Regular Expression to Scrub Text Copied From Word

Forum Moderators: coopster

Message Too Old, No Replies

Regular Expression to Scrub Text Copied From Word

bomburmusicmallet

8:45 pm on Feb 26, 2007 (gmt 0)

Hi,

I am trying to build a regular expression to scrub some incoming text to remove stuff that comes into the WYSIWIG editor from Word (even though we explicitly tell the users to copy their text into Notepad first).

We end up with stuff like this:

What I want to do is to remove the offensive mark-up, but leave the original HTML tag there. So:

would become:

<li>

I've been trying to get my head around regular expressions for a few days, but can't quite get it. I *think* that this is the expression:

^[[:space:]](class¦font¦style)=\".\"$

but if I enter any of the above examples and eregi them, it doesn't find the pattern I'm looking for.

Can anyone see what I'm doing wrong? TIA

coopster

9:05 pm on Feb 26, 2007 (gmt 0)

If you only want the element itself you could go with something like ...

$pattern = "/(<[^\s]+)[^>]*(>)/"; 
$subject = preg_replace($pattern, "$1$2", $subject);

The pattern says to match an opening marker followed by one or more characters that is not a space character followed by zero or more characters that is not a closing marker followed by the closing marker. The two sets of parentheses match the relevant pieces we want to keep and are used in the replacement.

bomburmusicmallet

9:26 pm on Feb 26, 2007 (gmt 0)

That works, but it also removes links, alignment and image stuff too.

<a href="../../includes/error.php">Enter junk text</a>

became:

<a>Enter junk text</a>

coopster

9:49 pm on Feb 26, 2007 (gmt 0)

OK, that's why I asked. Then you weren't too far off in your first attempt. The main thing you missed was to match one or more of anything that is not a double quotation mark in between the attribute values.

$pattern = '/\s+(class¦font¦style)="[^"]+"/'; 
$subject = preg_replace($pattern, '', $subject);

You can always add to it to check for single quotation marks or even missing quotation marks, but I think MS Word always drops the doubles in.

bomburmusicmallet

9:38 pm on Mar 5, 2007 (gmt 0)

I'm just getting back to this problem at work...

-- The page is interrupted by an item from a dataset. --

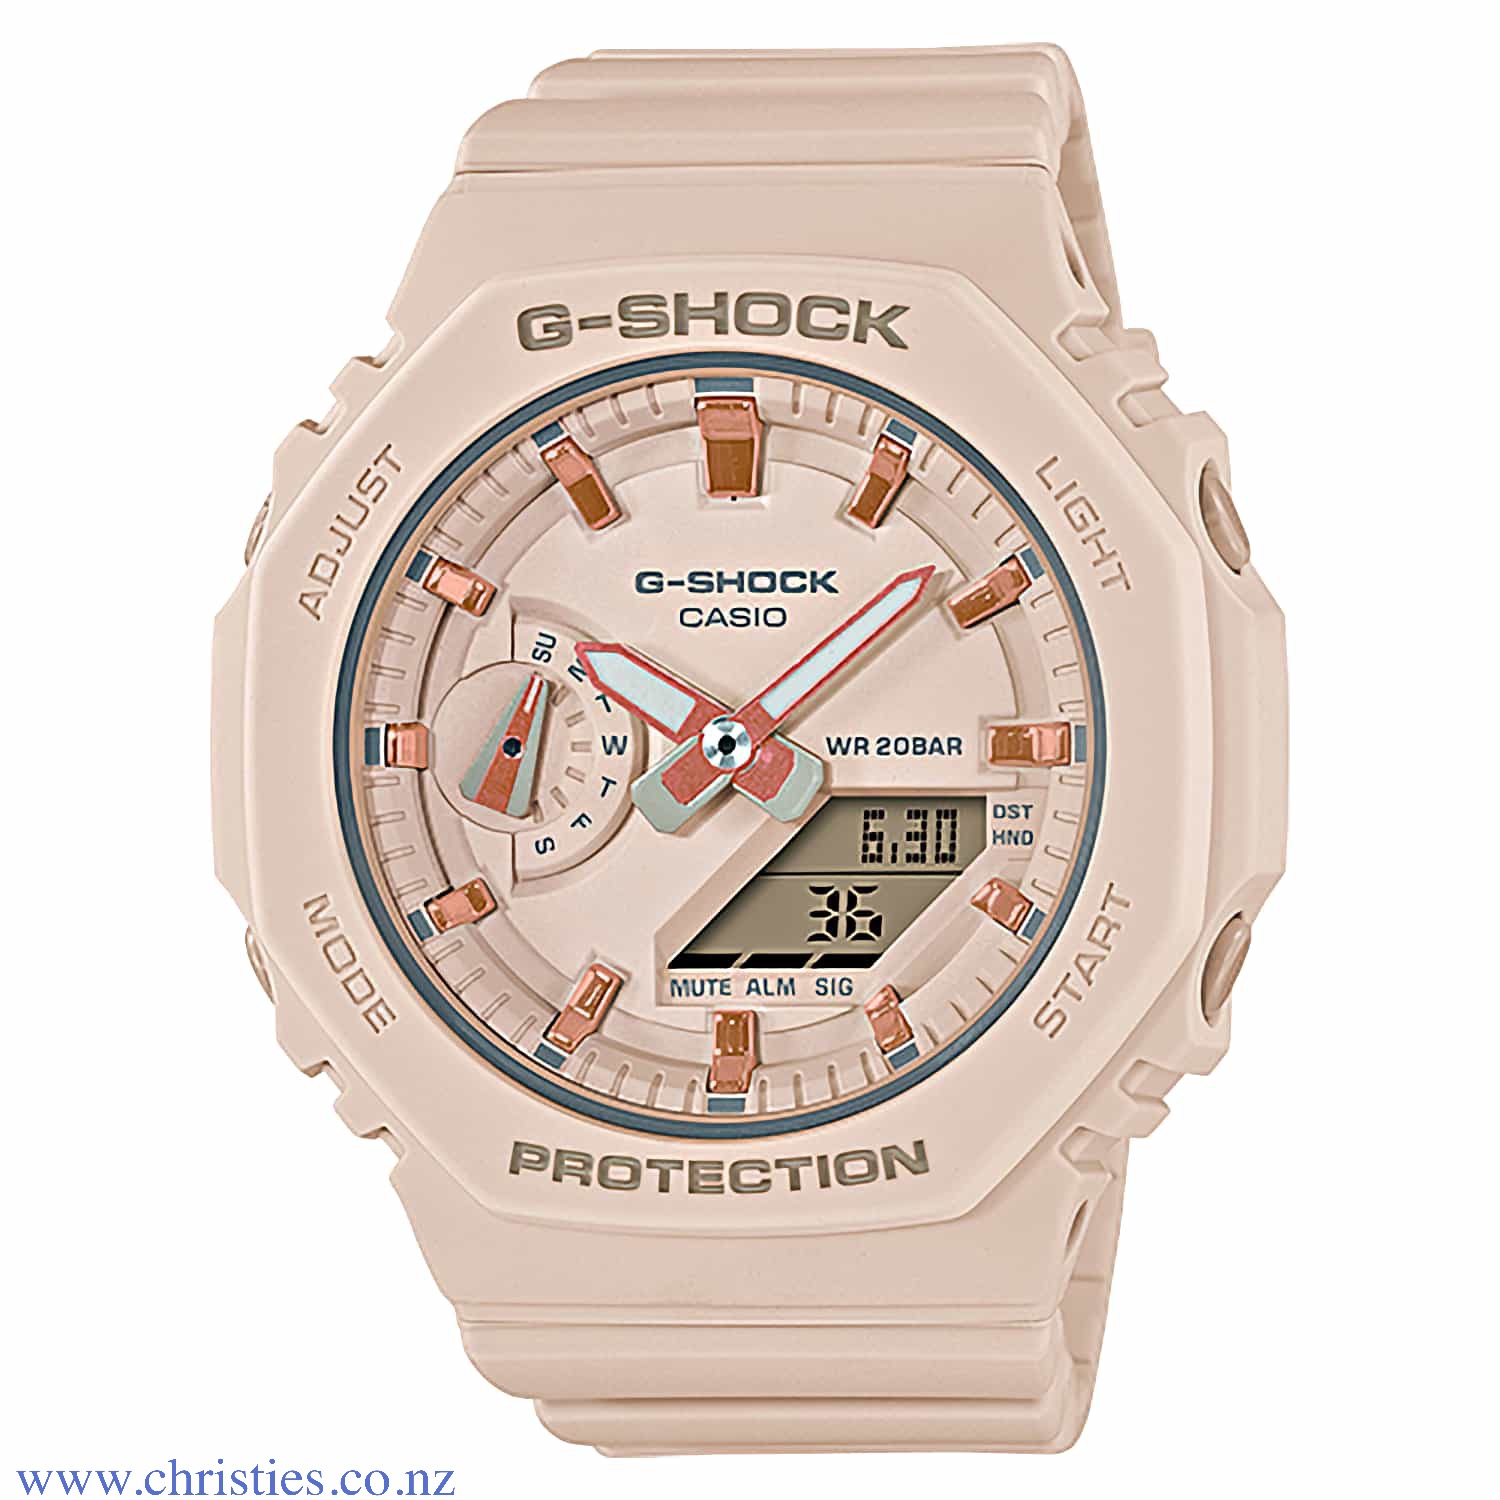 GMAS2100-4A G-SHOCK Carbon Core Womens Watch.casio watches nz sale $219.00

Unfortunately, that last pattern is not working. No text is being matched as "illegal" and removed.

I'm using this code:

$pattern = '/\s+(class¦font¦style)="[^"]+"/';
$subject = preg_replace($pattern, '', $subject);

if (eregi($pattern, $subject)) echo "illegal formatting found!";
else echo 'formatting looks good!';

echo ' NEW TEXT: <textarea name="new" cols="75" rows="4">'.$subject.'</textarea> ';

The "new text" is always the same as the original text:

<a href="RetrievePage?site=endicott&page=IntlStudyAbIntlIntern">International Internships</a> 
Assistive Technology Journal Co-founder, 1988 
<li class="MsoNormal">

coopster

10:05 pm on Mar 5, 2007 (gmt 0)

Works fine for me, except it missed the uppercase STYLE attributes. For two reasons, first, the pattern is case sensitive, but that is easily fixed, just add the case-insensitive modifier. Secondly, it contains single-quotation mark delimiters, like I said before you'll have to make the modifications to catch those as well if necessary.

bomburmusicmallet

3:06 pm on Mar 6, 2007 (gmt 0)

thank you! i got it to work once i made my pipes all the same.

coopster

3:31 pm on Mar 6, 2007 (gmt 0)

Ah yes, I forgot to remind you that the forum breaks the pipes and you would need to rekey them! Glad you got it sorted.

phranque

2:31 am on Mar 7, 2007 (gmt 0)

Ah yes, I forgot to remind you that the forum breaks the pipes and you would need to rekey them! Glad you got it sorted.

i wonder if it is possible to include this disclaimer at the bottom of any post or reply that has the pipe symbol filtered/converted.

coopster

5:25 am on Mar 8, 2007 (gmt 0)

That would be a great idea, except that not all posts are using code. Know what I mean?